Menurut The Oxford Encyclopedia of the Modern Islamic World, seiring berjayanya kembali budaya di Iran, pada abad ke-11 dilakukan penerjemahan penuh teks Alquran dari bahasa Arab ke Persia. Pada masa kontemporer, muncul Abdullah Yusuf Ali yang menerjemahkannya ke dalam bahasa Inggris.

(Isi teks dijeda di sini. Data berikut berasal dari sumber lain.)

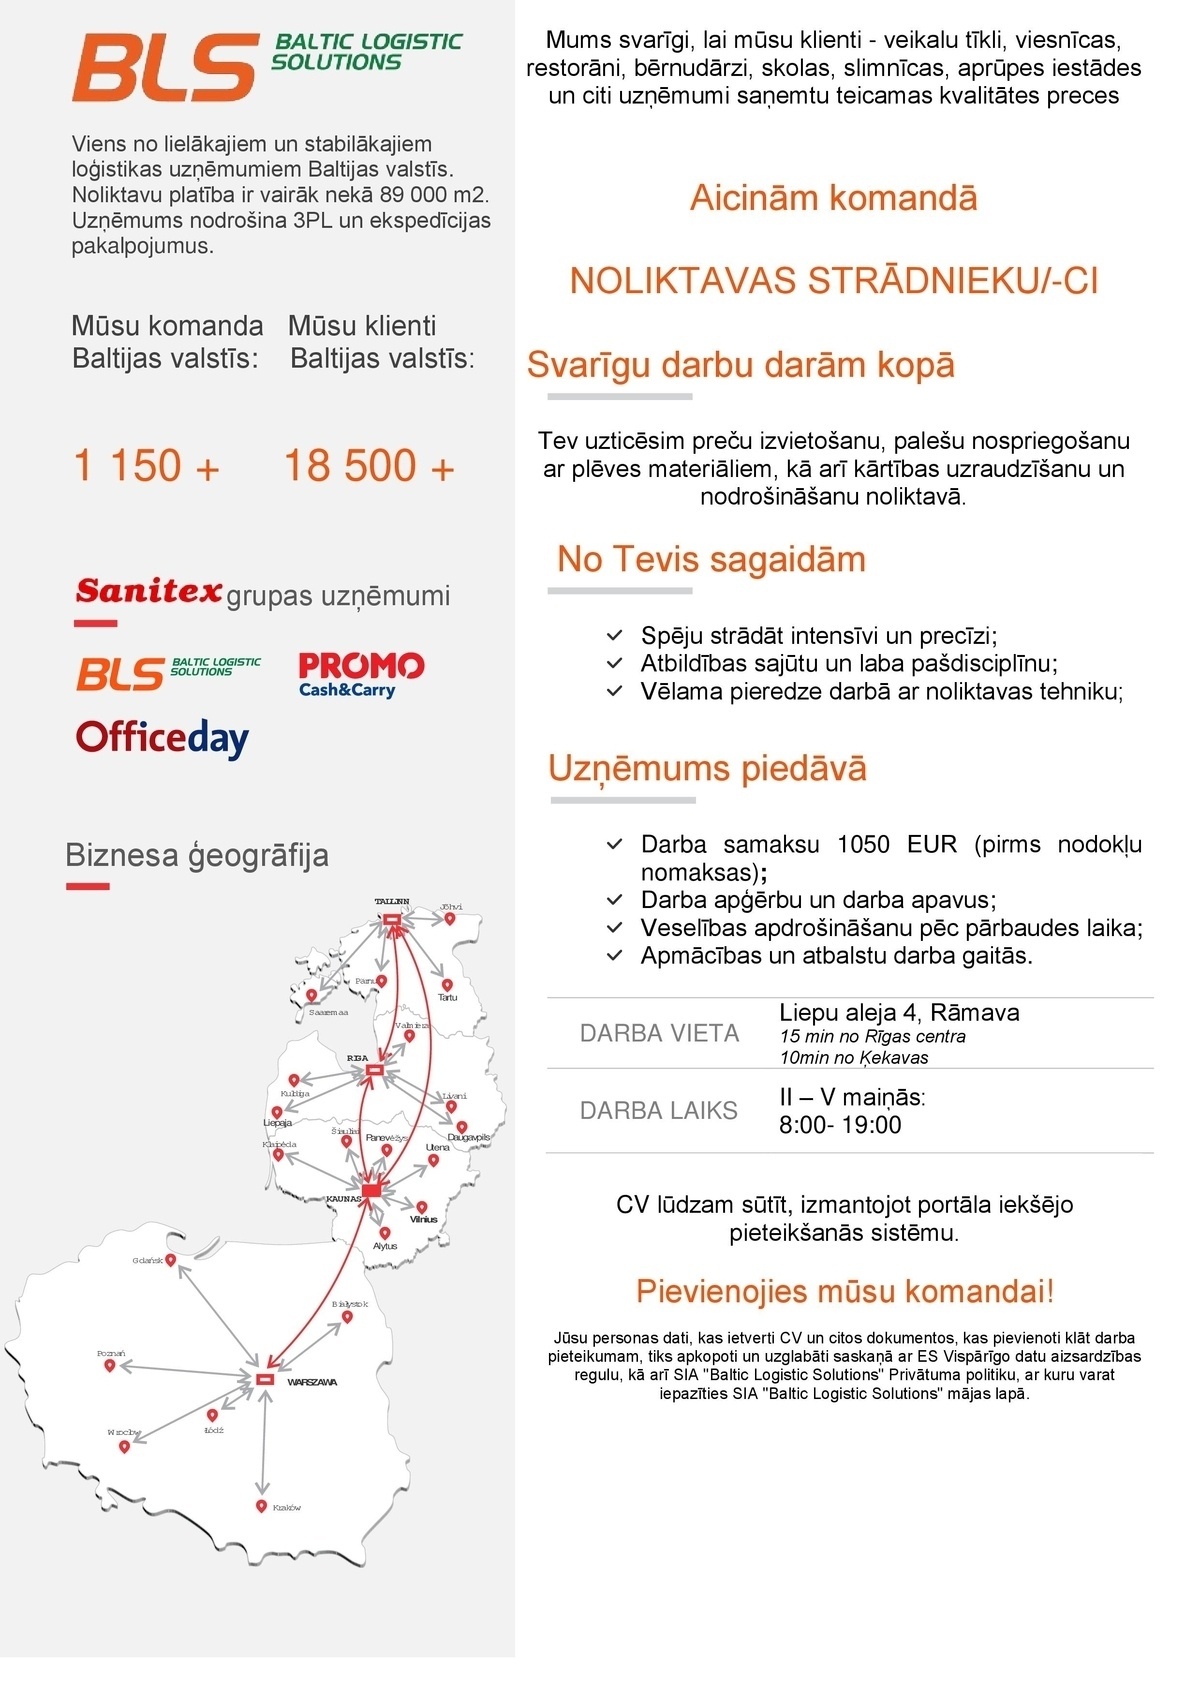 Baltic Logistic Solutions, SIA Noliktavas strādnieks/-ce

Juga ada tokoh reformasi Pakistan, Sayyid Abu al-A’la Maududi yang melakukan penerjemahan ke dalam bahasa Urdu serta cendekiawan Muslim dari Indonesia, Hamka, ke dalam bahasa Indonesia. Ada sejumlah tujuan penerjemahan, yaitu untuk memajukan dakwah dan agar teks teks Alquran dapat dipahami orang yang tak bisa berbahasa Arab. Selain itu, penerjemahan merupakan langkah tandingan terhadap misionaris dan orientalis yang melakukan penerjemahan untuk rezim kolonial.